• YOUR TASK: For this exercise, return only the lines in the records below from the one holding "個別跨境貨車司機違防疫規定 業界及深圳同意考慮懲處" through the one holding "50 Medusa Tattoo", including both, exactly as they appear and without pictures.

• STORED DATA:
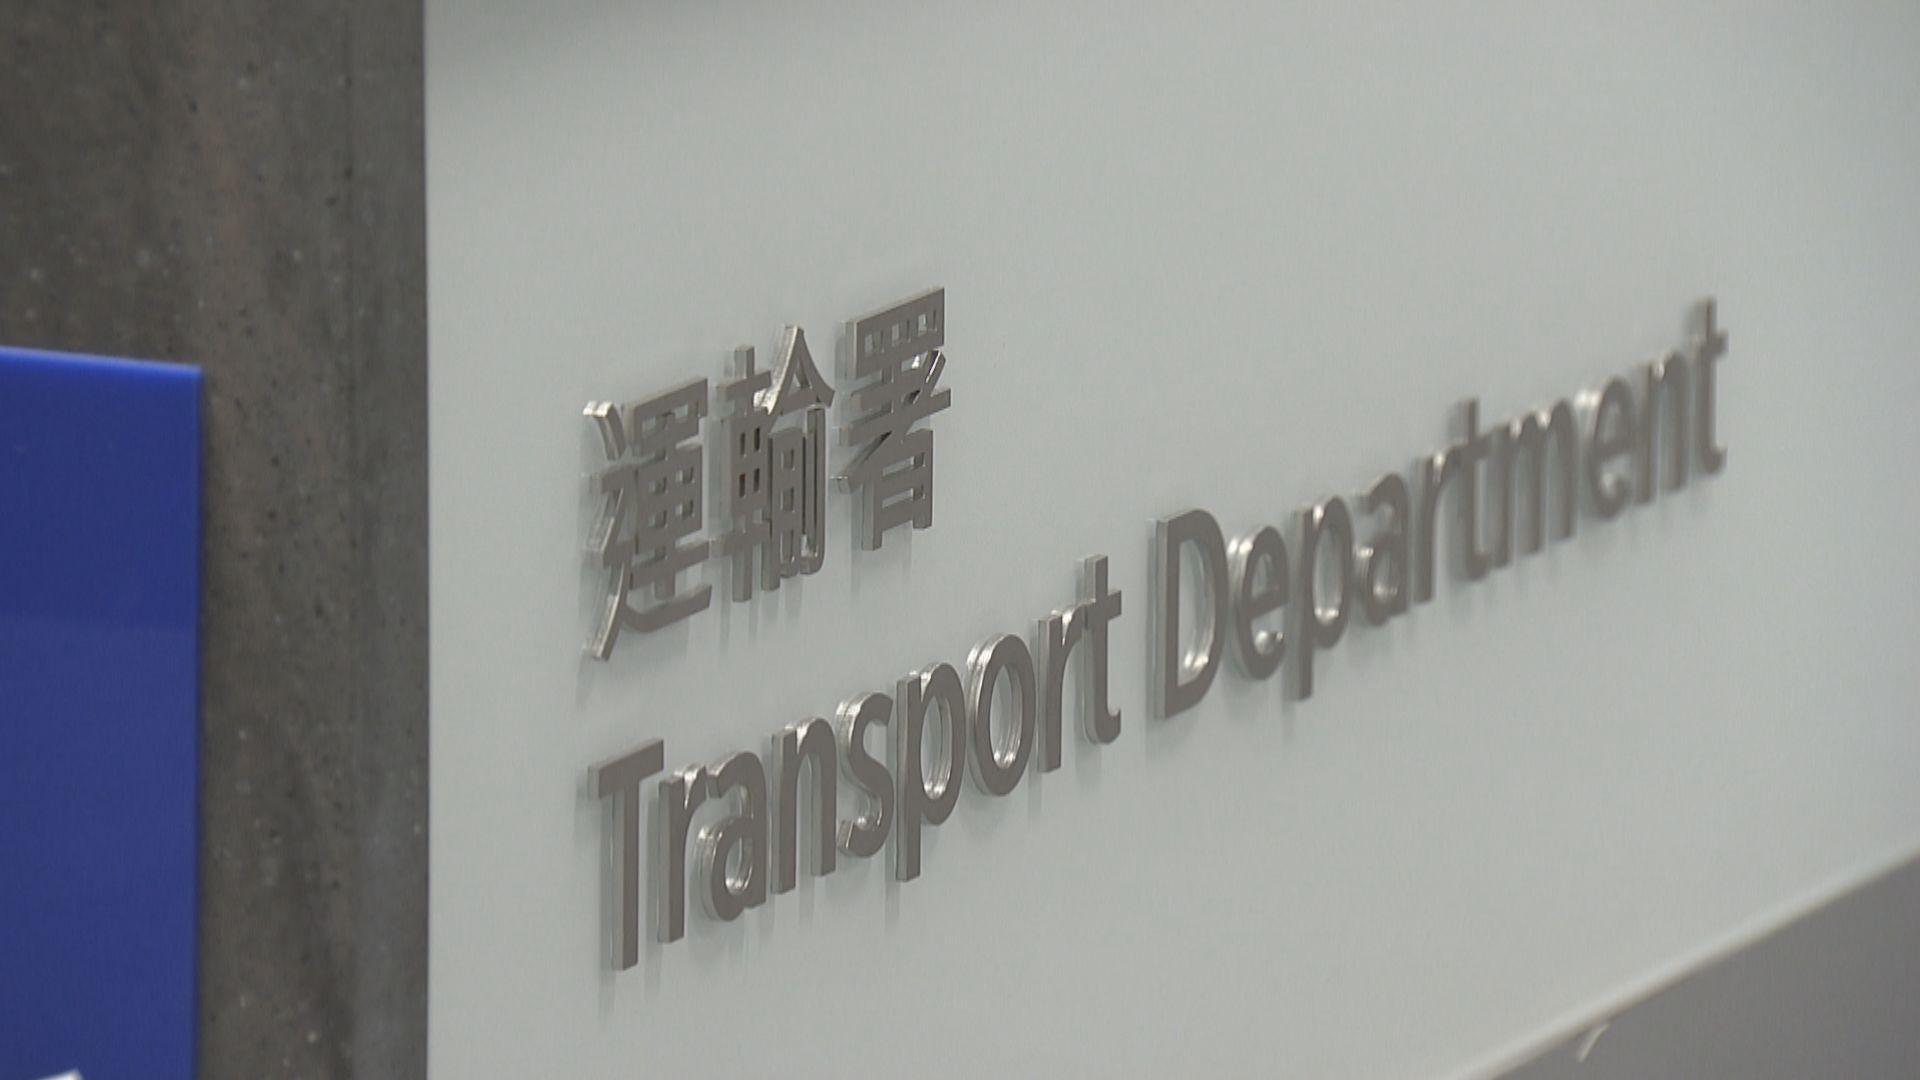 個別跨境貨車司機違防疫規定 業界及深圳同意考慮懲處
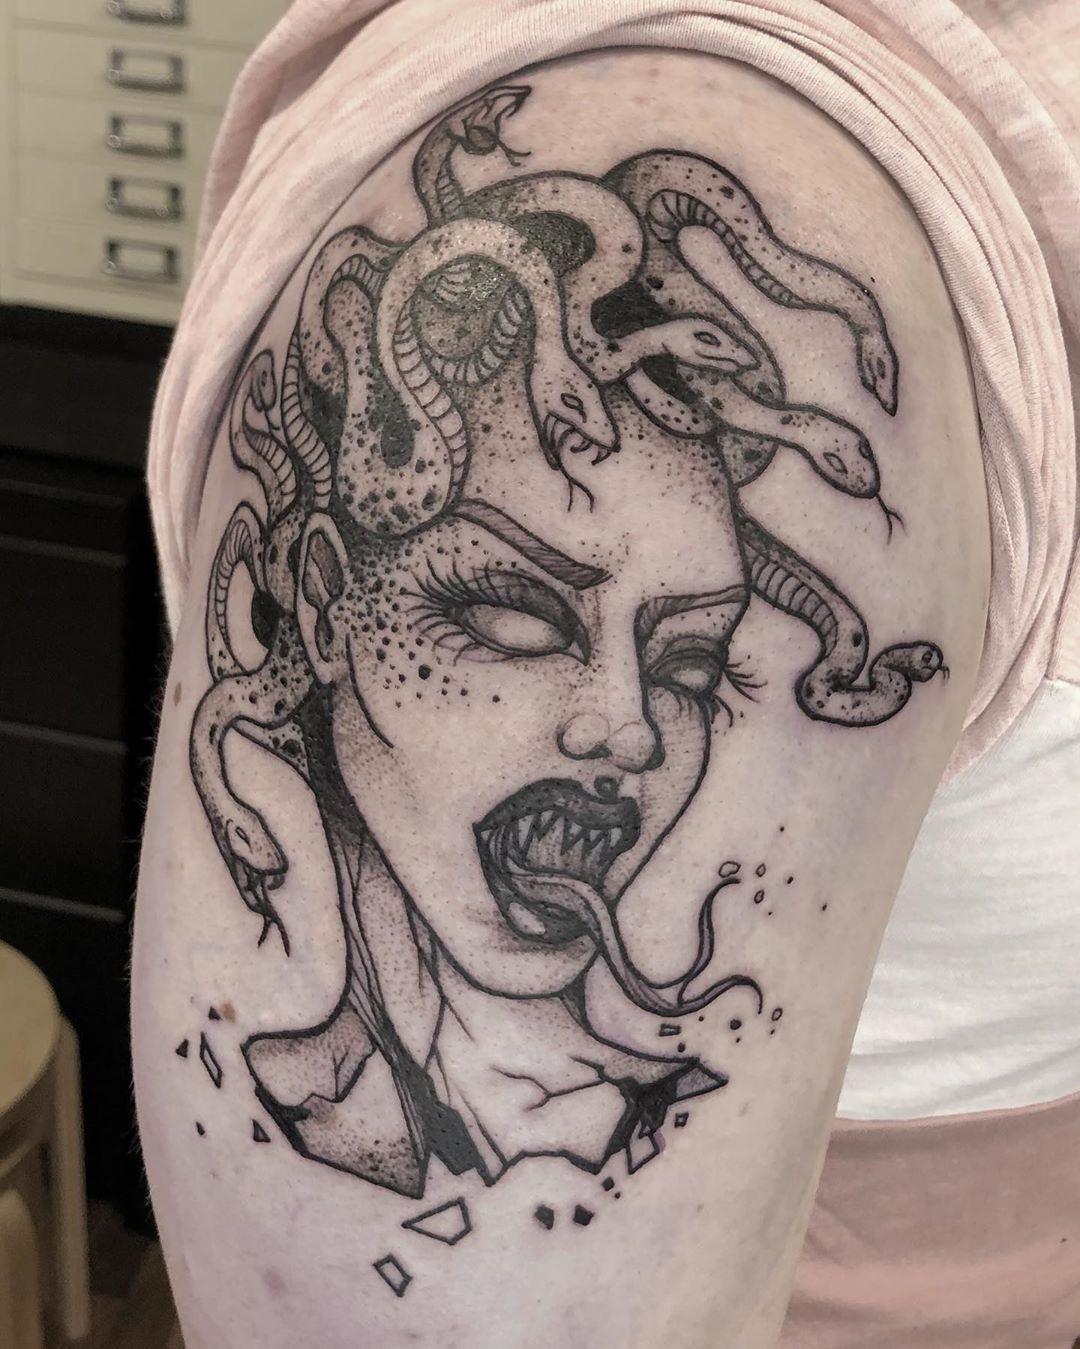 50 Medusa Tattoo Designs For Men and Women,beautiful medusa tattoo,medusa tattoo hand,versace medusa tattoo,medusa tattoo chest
==
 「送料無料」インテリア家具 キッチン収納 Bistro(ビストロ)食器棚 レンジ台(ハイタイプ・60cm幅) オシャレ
--
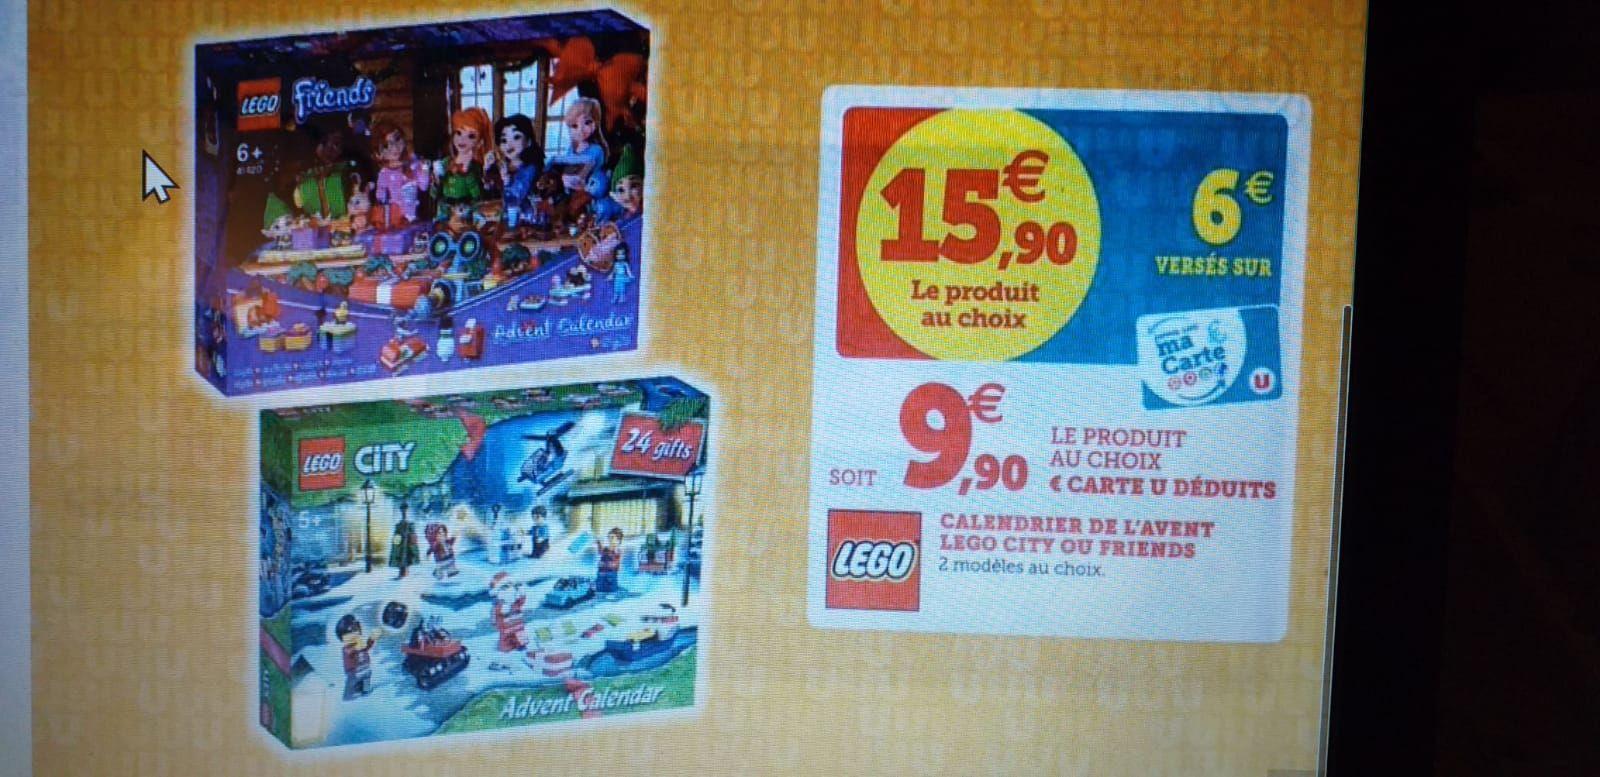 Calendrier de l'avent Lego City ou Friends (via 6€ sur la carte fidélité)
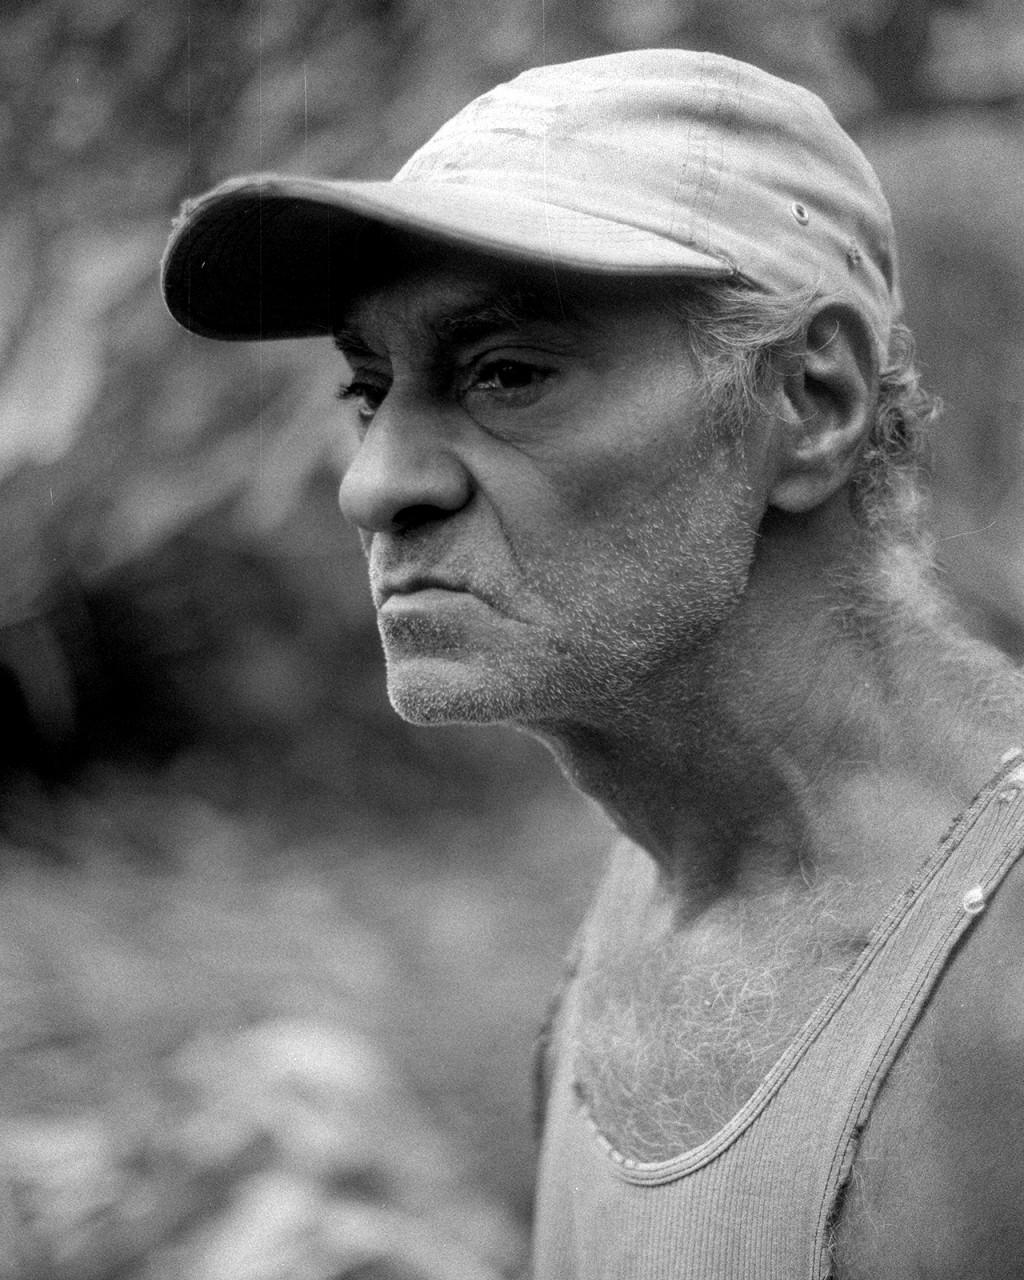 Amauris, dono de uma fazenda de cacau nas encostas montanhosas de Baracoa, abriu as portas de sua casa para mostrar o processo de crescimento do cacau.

• PROBLEM SOLUTION:
 個別跨境貨車司機違防疫規定 業界及深圳同意考慮懲處
 50 Medusa Tattoo Designs For Men and Women,beautiful medusa tattoo,medusa tattoo hand,versace medusa tattoo,medusa tattoo chest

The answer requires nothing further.